How to introduce yourself: Walk forward, and if the person is not busy, attempt to make contact by waving a hand. If they are busy, wait a distance away until it clears up. When you have their attention, keep eye contact with them, stay out of their personal space, and say “Hello, my name’s (Blank)”.

How to keep a conversation going: Upon hitting a break in conversation, remember the 5 Ws and the 1 H; Who, What, Where, Why, When, and How.

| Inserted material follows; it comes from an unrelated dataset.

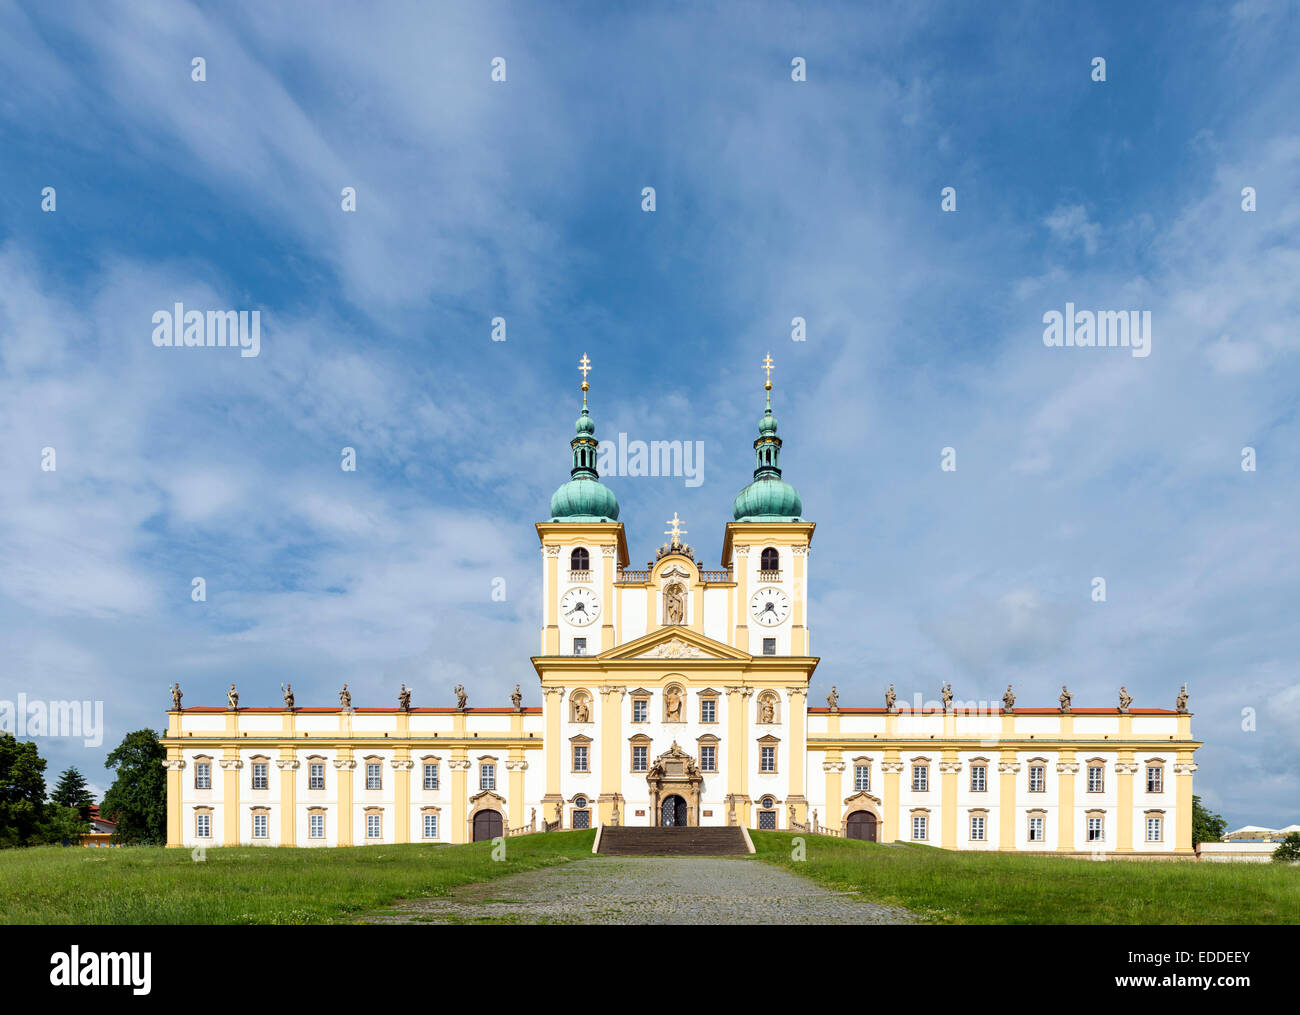 Premonstrate Monastery with the Basilica of the Annunciation, Svaty Kopecek or Holy Hill, Olomouc, Czech Republic Stock Photo

If the conversation breaks like “Yeah, so I went to the ballgame.” then respond with “Who was there?” “What happened there?” “Where was the stadium?” “Why did you go?” “When was it?” and “How was it?” If those have all been exhausted, then perhaps you should change the subject like “Speaking of the ballgame, did you see…” Do not change the topic using it; keep it on the topic that it was originally.

Self-Regulation:
Use the appropriate voice level for the situation. Read peoples emotions and change the subject accordingly. Stay calm if in an escalating situation. Ask for help if you’re having problems with anything. Don’t be violent. Know what might ‘trigger’ someone to feel a feeling. Take turns while talking. Changes in life are okay. You are okay.            

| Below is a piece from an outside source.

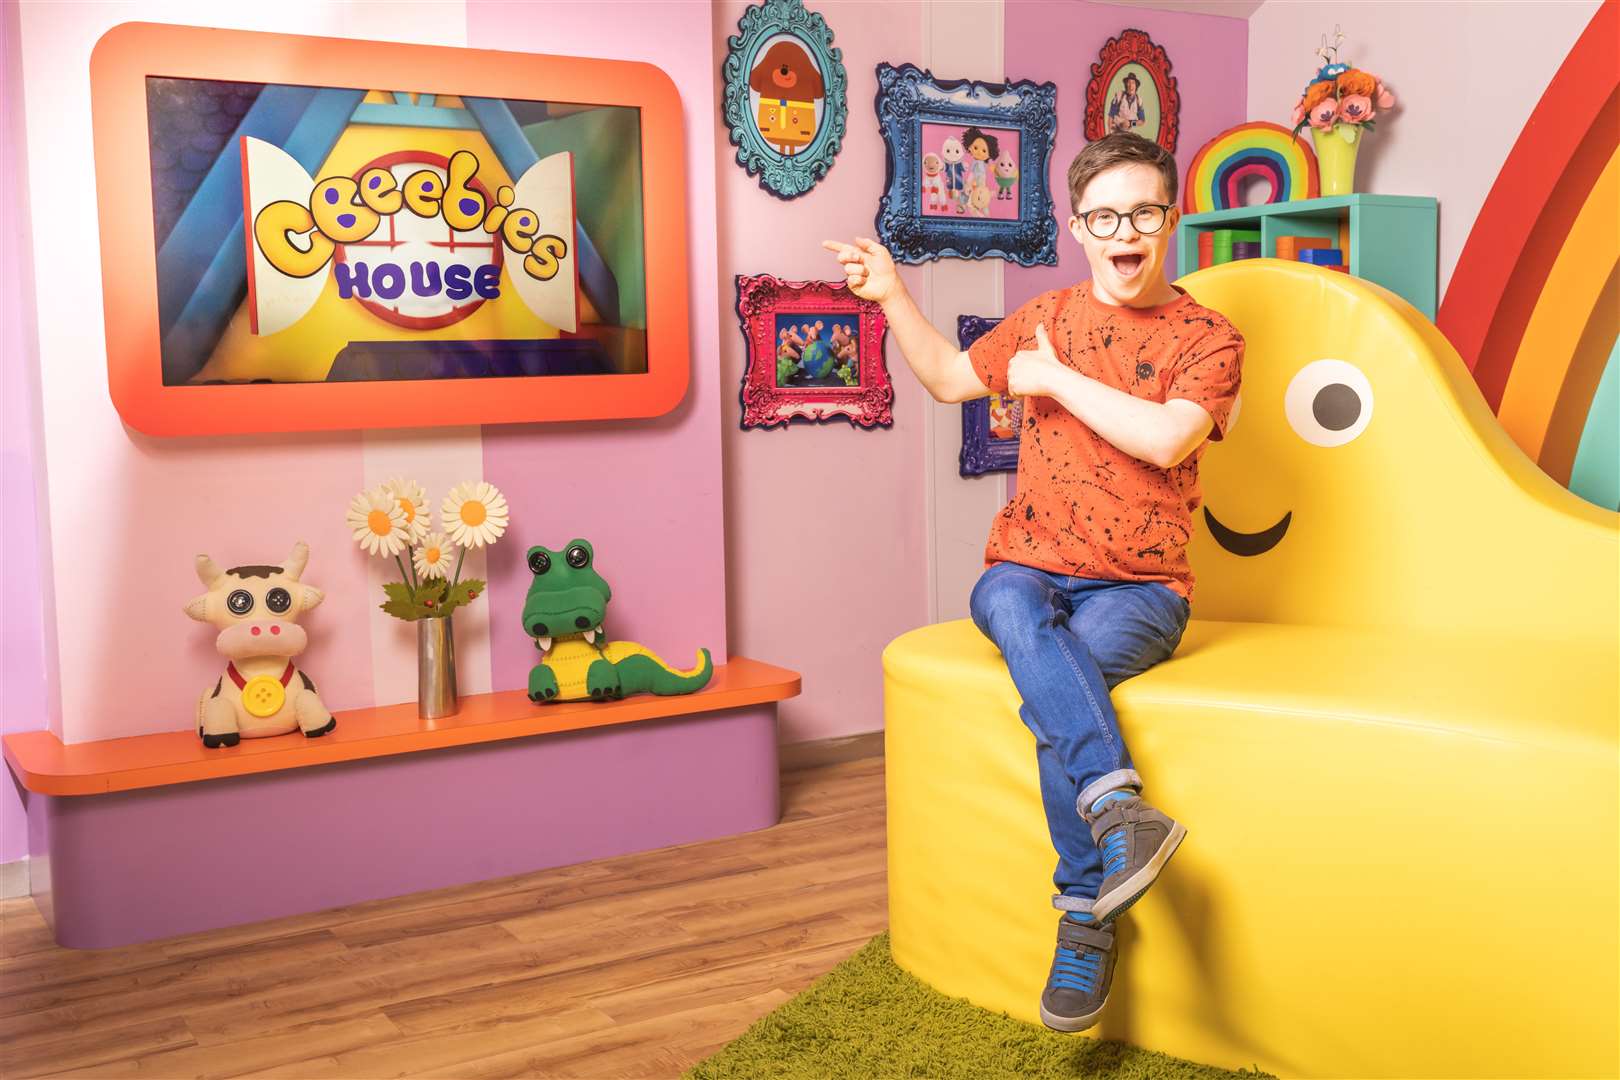 George Webster, an ambassador for Mencap, has joined Cbeebies

Triggers: Despite the common use of “TRIGGERED” now a days, you can see that certain topics will “trigger” a reaction in someone. Don’t use that against anyone, because it’s a horrible thing to play with someone’s emotions. While it might be fun at first, once they realize what you’re doing, they may either begin ignore you/leave you or try to get revenge, which may or may not be violent. If you know something that will “trigger” an emotion, don’t say it if you don’t have to and say it gently if you do.

Cooperation:
Cooperation is Relationship Building, not ‘getting along’. Cooperation skills are good for making and keeping friends. Take turns while doing activities. Understand someone ‘clues’ for their emotions. Ask before joining activities or making people quit theirs. Compromise when it comes to decisions. If it’s not possible to compromise, get a third party source for finding out what you should do. Win and lose politely. Don’t insult someone for losing, or the same will happen when you do. Stop and see what’s next. Quit activities as good stopping points in order to be able to do other ones. Schedule breaks to be after work. Think of peoples feelings when you talk/interact to them.

Getting Along/Relationship Building: When you ‘get along’ with someone, it’s a nice way of saying “I tolerate this person slightly more than everyone else.” When you have a relationship with someone, it doesn’t mean love, but simply means “This person is worth my time and energy to become friends with.” Know the difference.

Win and lose politely: If you win, you may have the urge to taunt, to rub it in the opponent’s face, and otherwise be unenjoyable. This is a surefire way to get people to never want to play with you again. Simply repressing those urges and saying “Good game!” “You’ll get us next time!” and “That was close.” means you don’t seem like a complete jerk. On the other side, if you lose, you may want to cry, blame others on either team of either sucking or cheating, and otherwise be unenjoyable. This is a surefire way to get people to never want to play with you again, again. By not doing any of those and instead saying “Good game!” “That was a close match!” and “Fun time!” means you don’t seem like a complete jerk. Try it next time you play a game.

So, that’s all of it. Was it worth your precious time reading? You could have gone, tried to interact with someone, and either fail or succeed in the time it took to read this. Does that mean that this was a counterproductive waste of time? No, because now you have tools, tips, and an idea about what to do next time that you are forced to interact in this fast paced world. If you have any tips, experiences, or help for others, feel free to share that knowledge. If you don’t, go get some! Have fun socializing and communicating out there, mates!